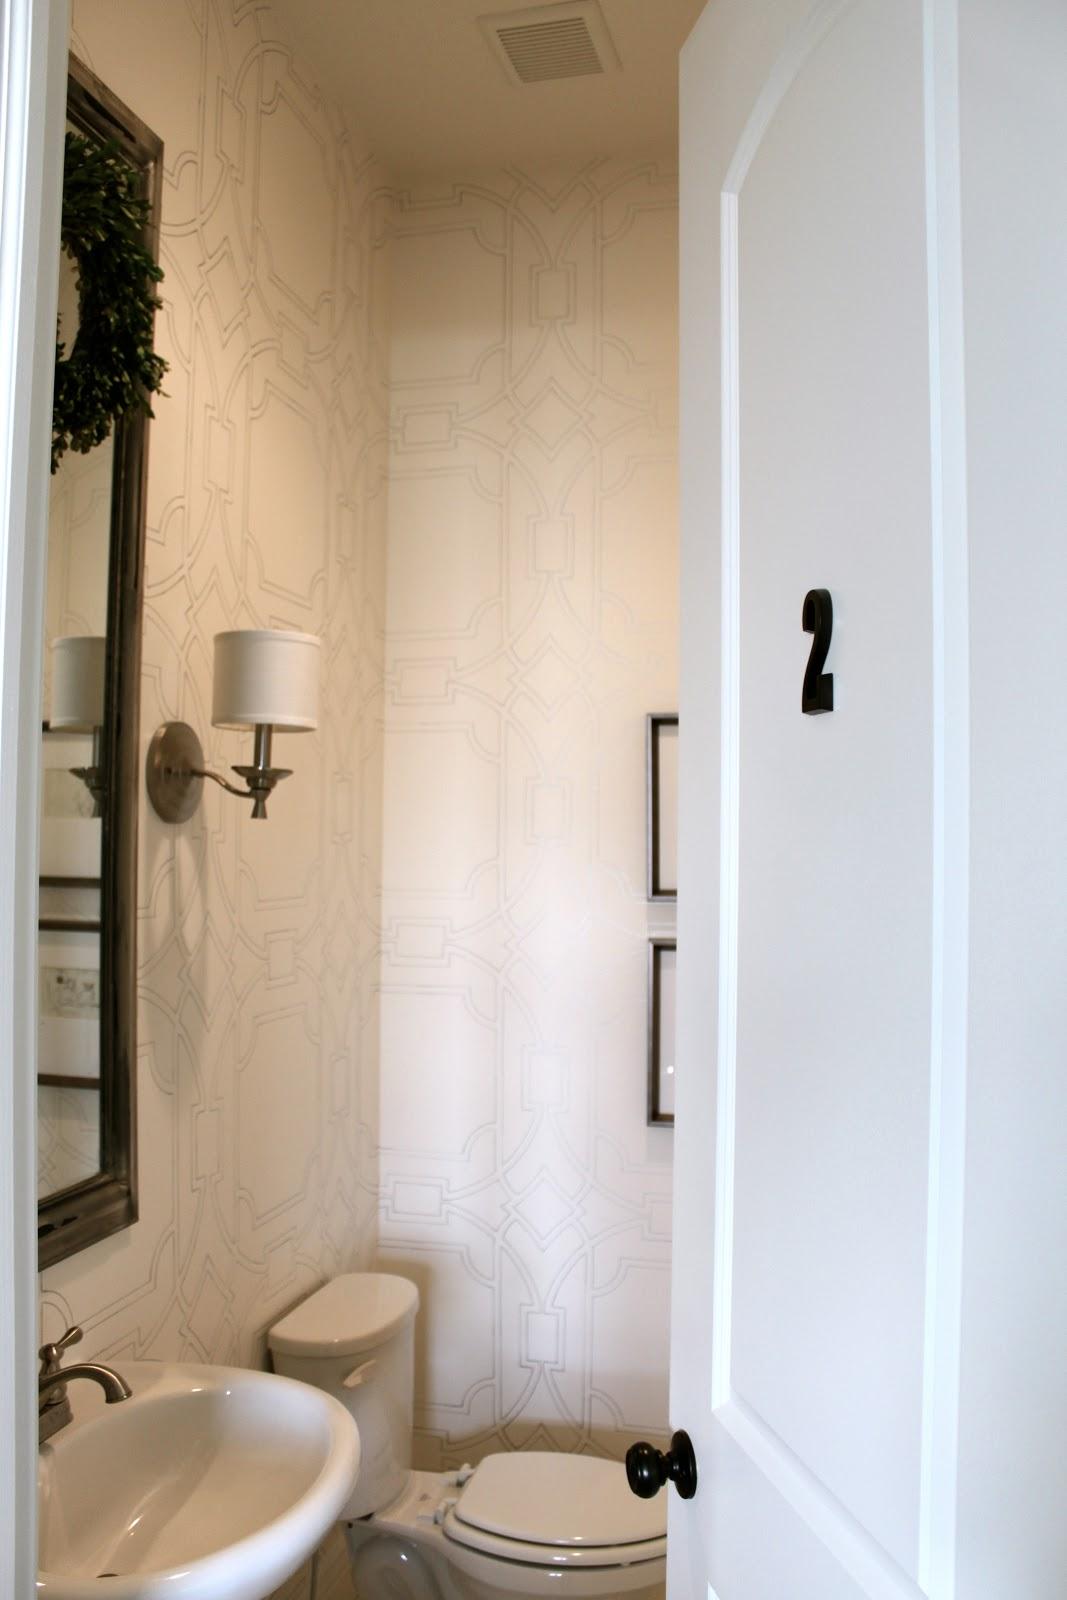 amy s casablanca what s behind door 2 what s behind door 2
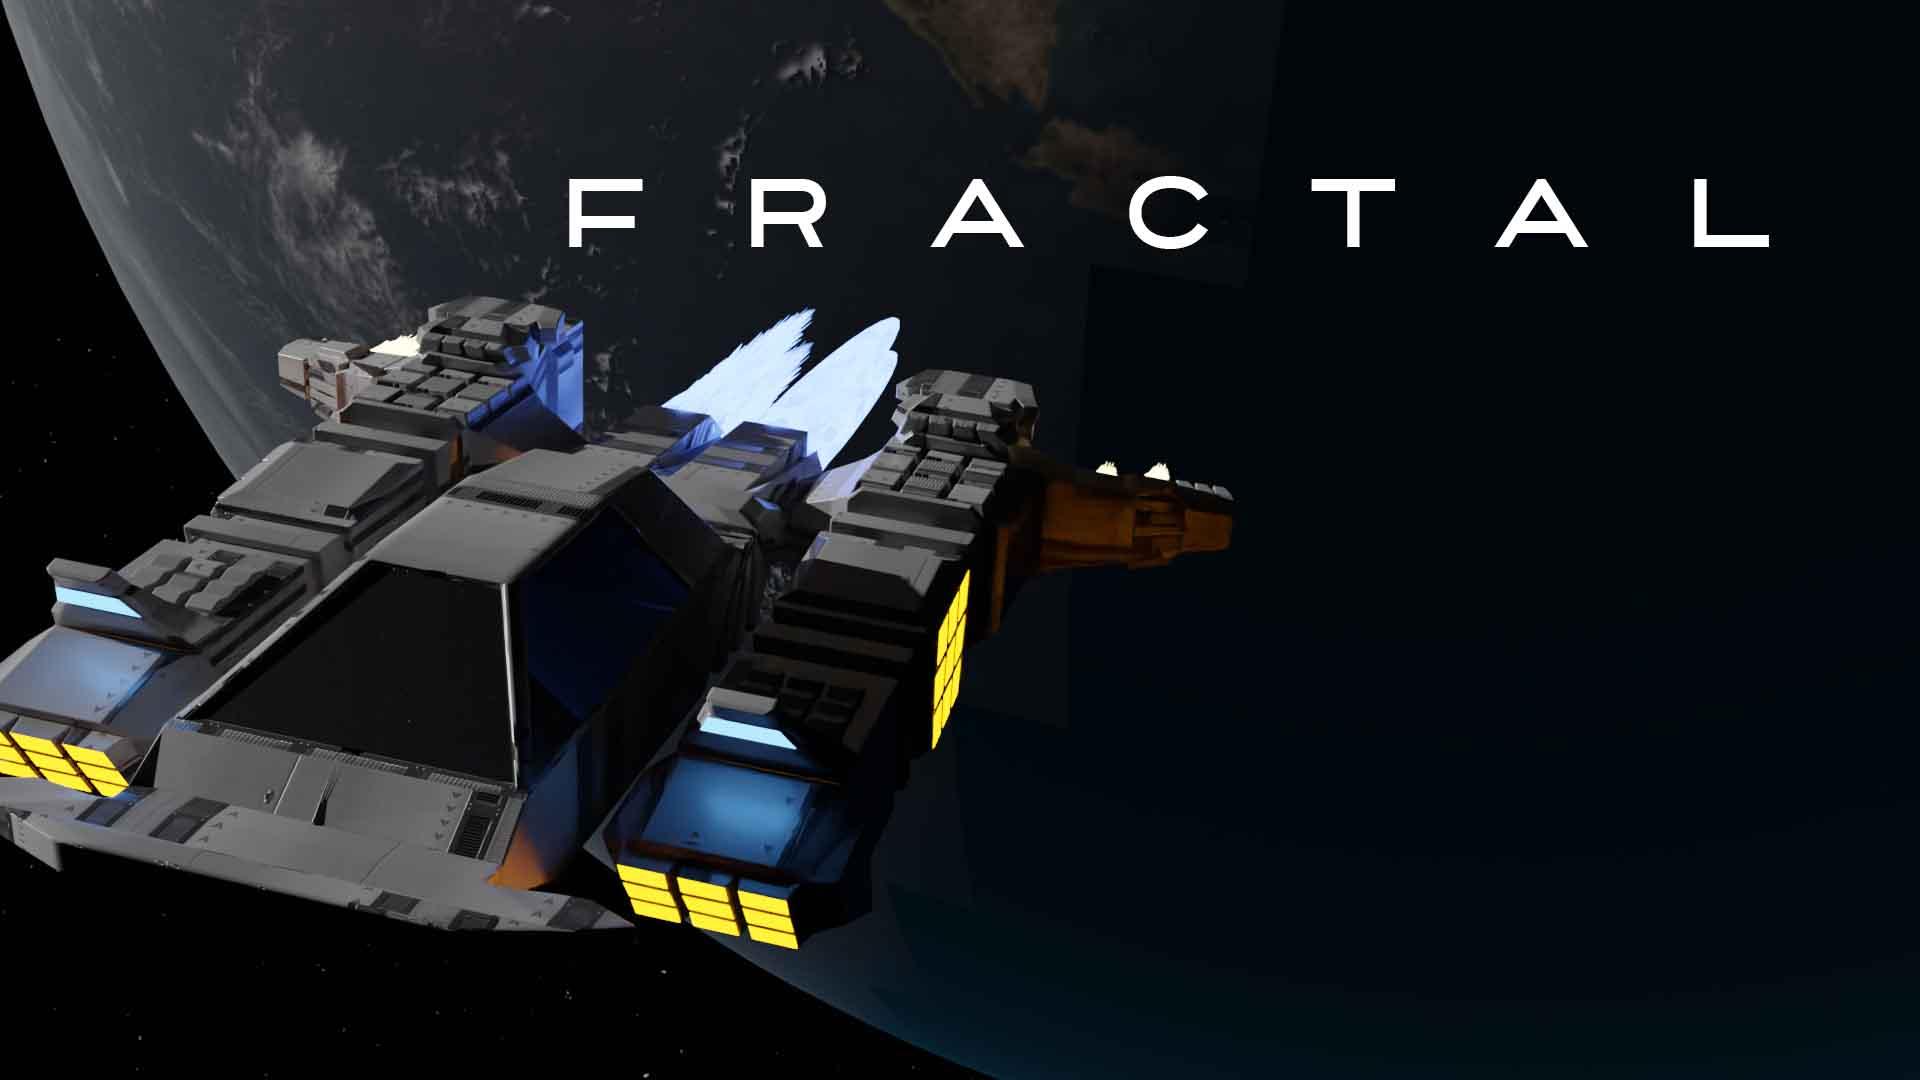 FRACTAL - My Rode Reel 2020
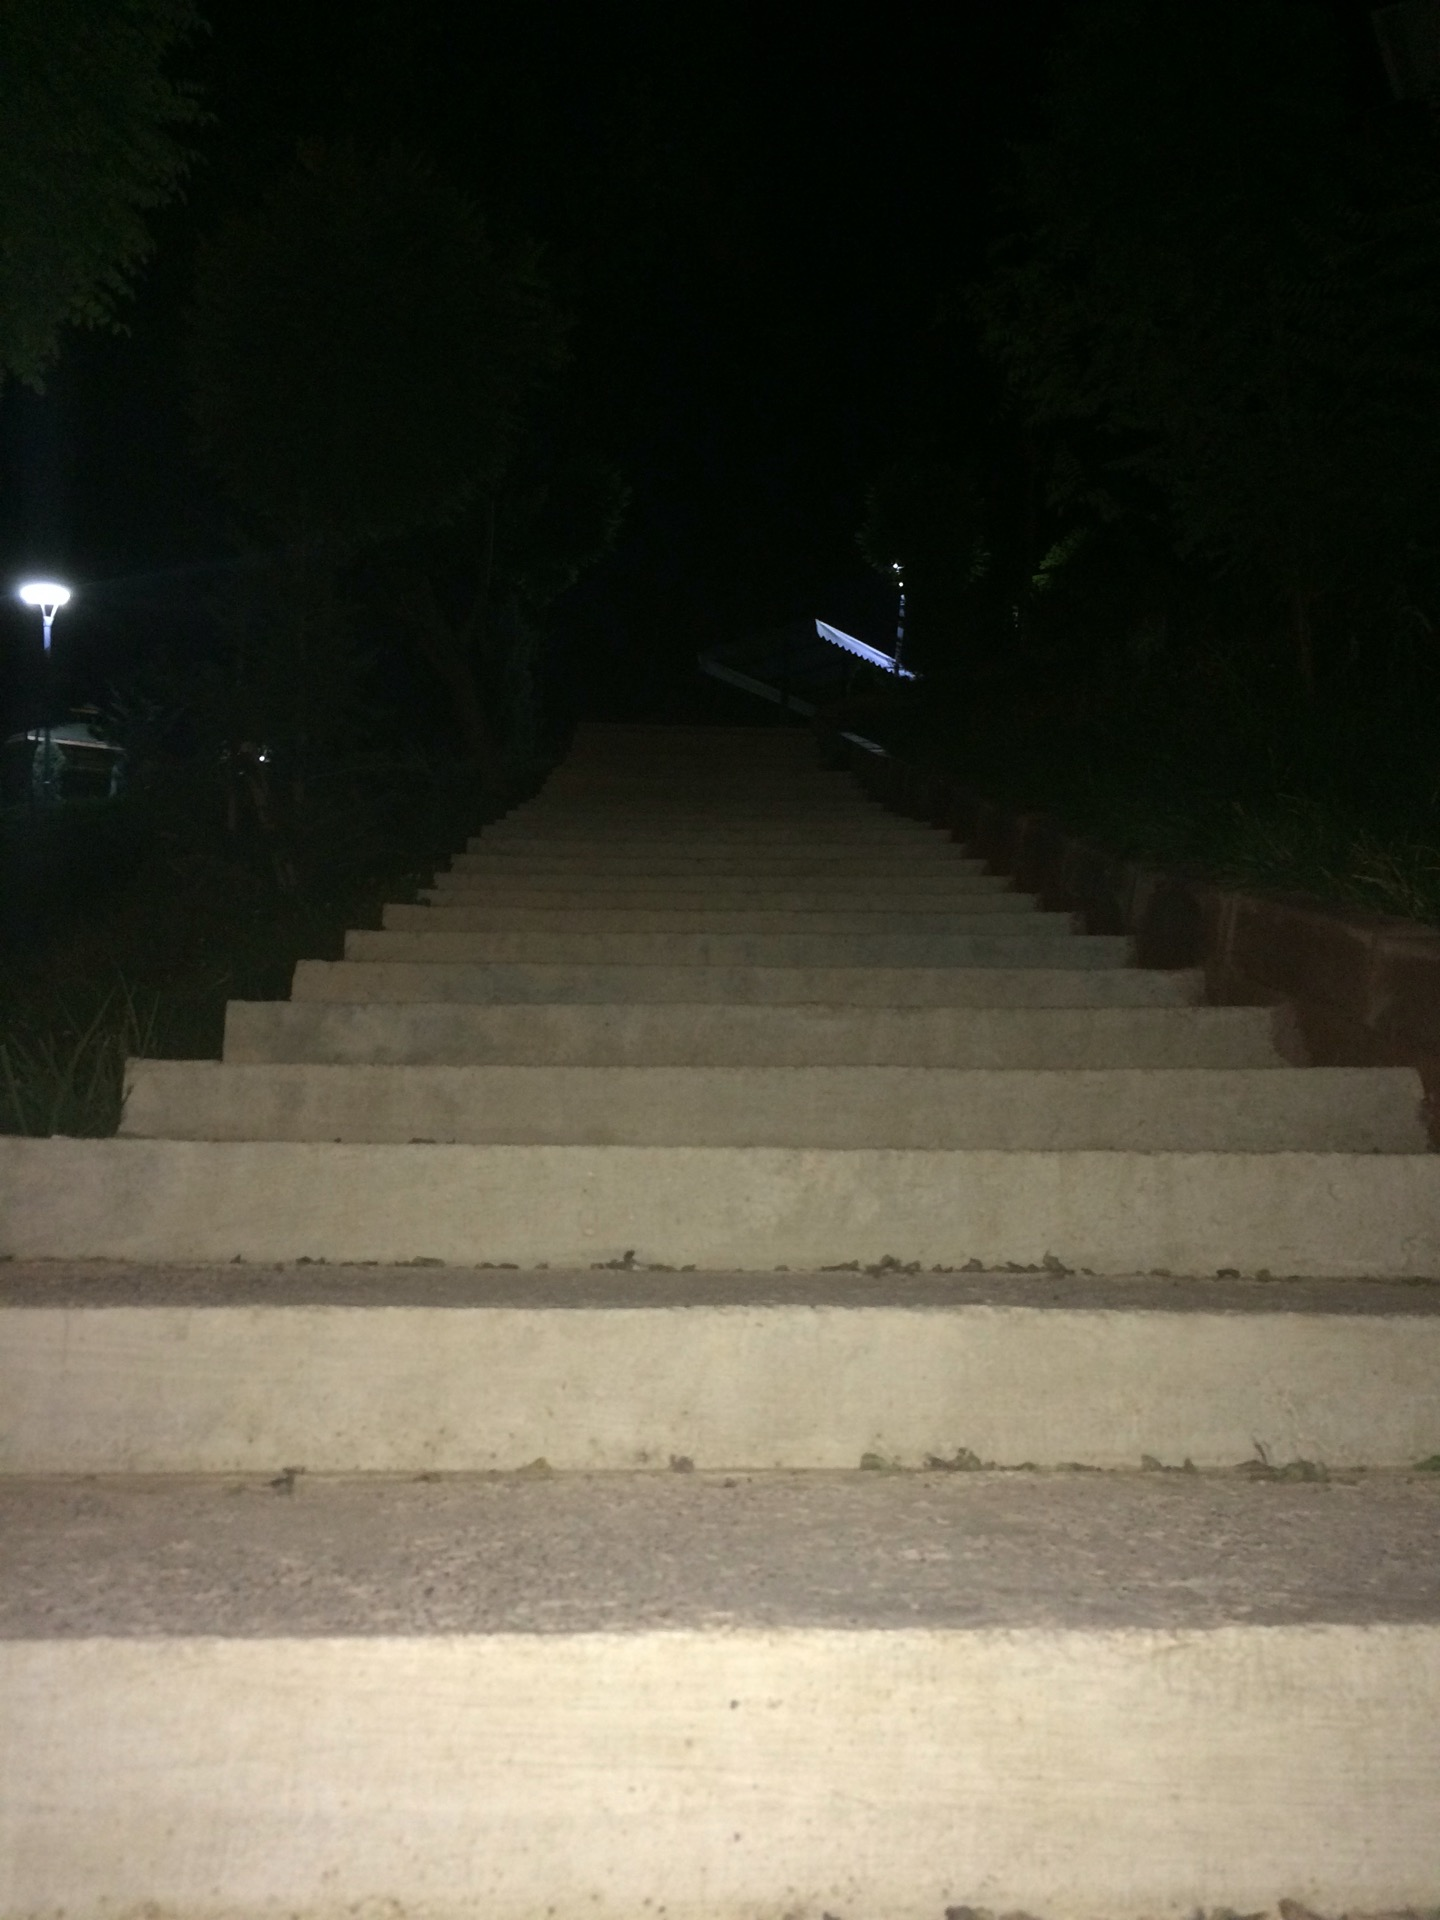 Yeşil Bayır Poliklinigi   Yeşilbayır Sağduyu Caddesi, 06480 Mamak/Ankara   +90 312 372 92 93
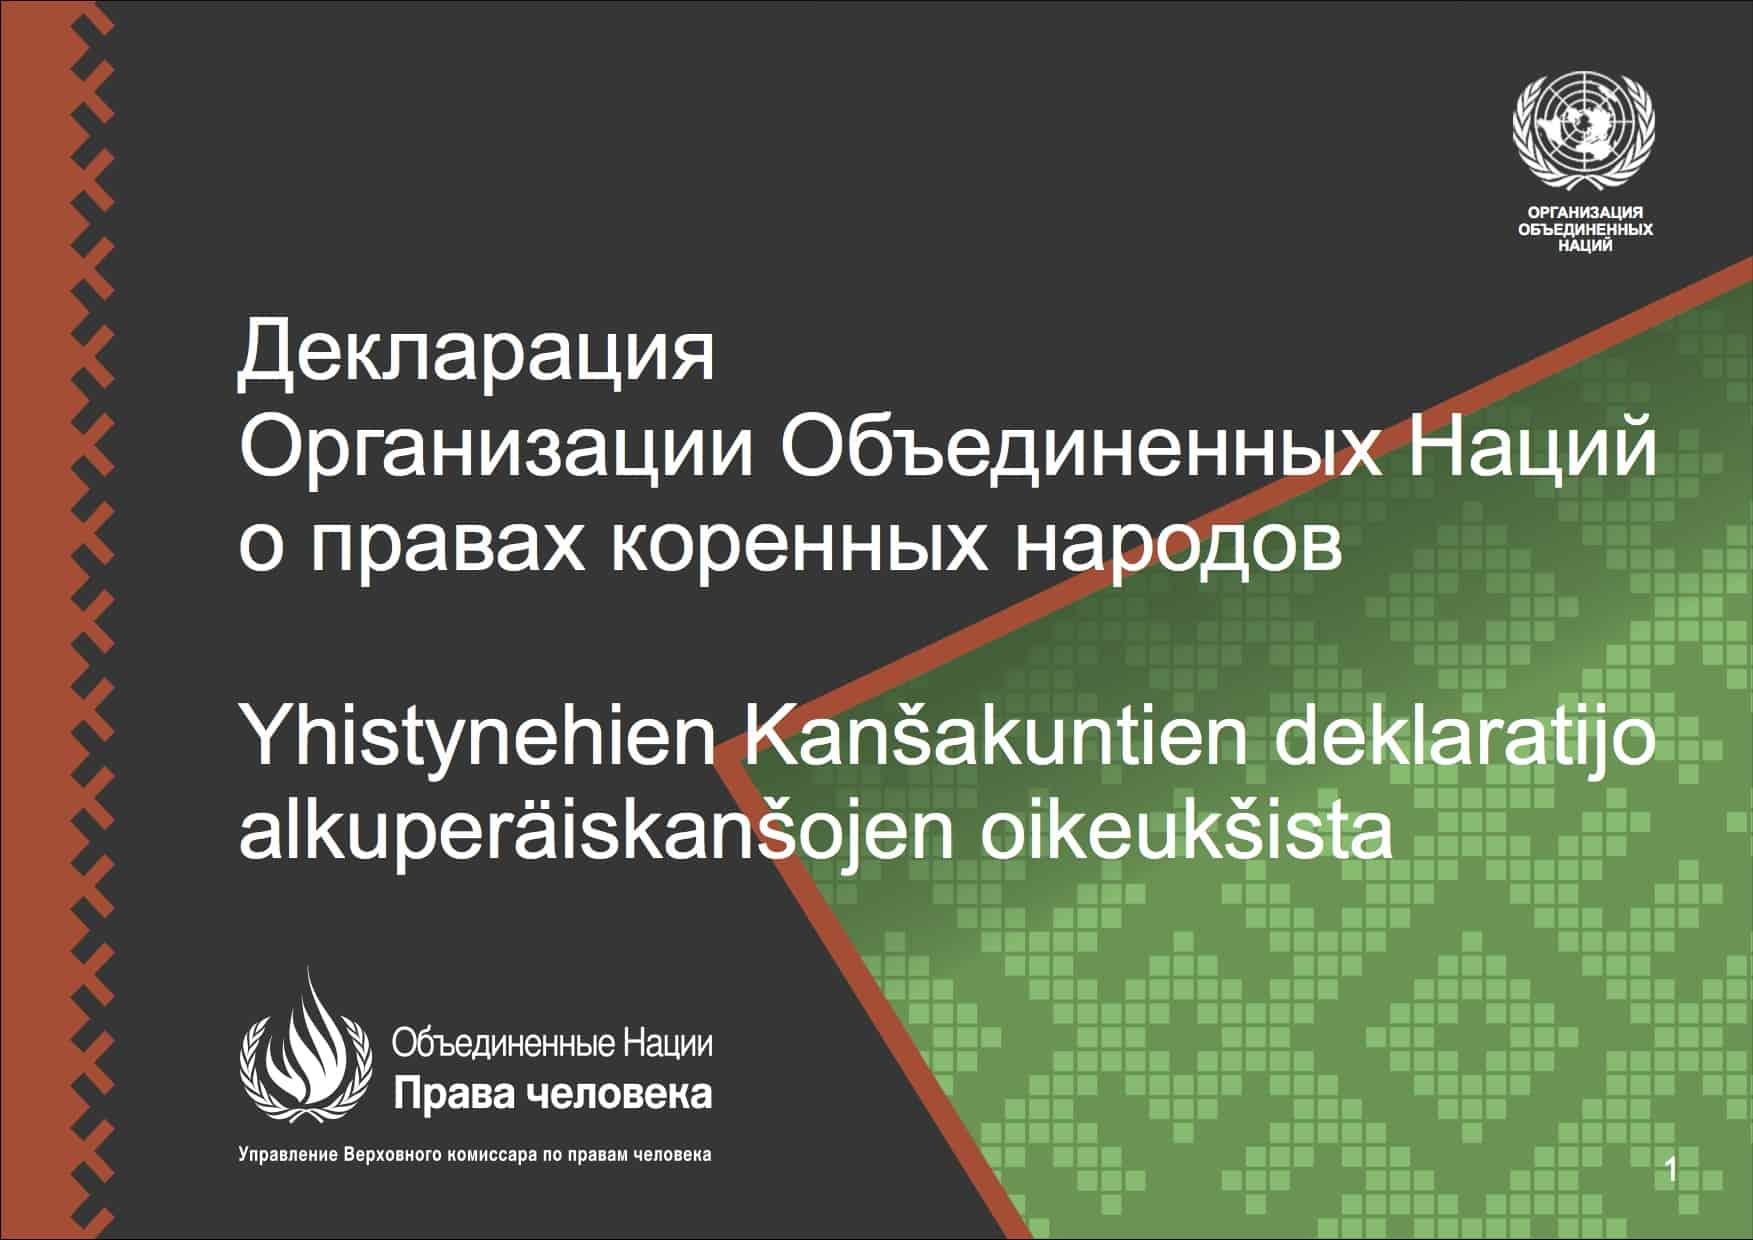 Декларация ООН о правах коренных народов переведена на карельский и вепсский языки

__EXERCISE OBJECTIVE__.
The task calls for duplicating the data exactly, with no images kept.

__ANSWER SPACE__.
 amy s casablanca what s behind door 2 what s behind door 2
 FRACTAL - My Rode Reel 2020
 Yeşil Bayır Poliklinigi   Yeşilbayır Sağduyu Caddesi, 06480 Mamak/Ankara   +90 312 372 92 93
 Декларация ООН о правах коренных народов переведена на карельский и вепсский языки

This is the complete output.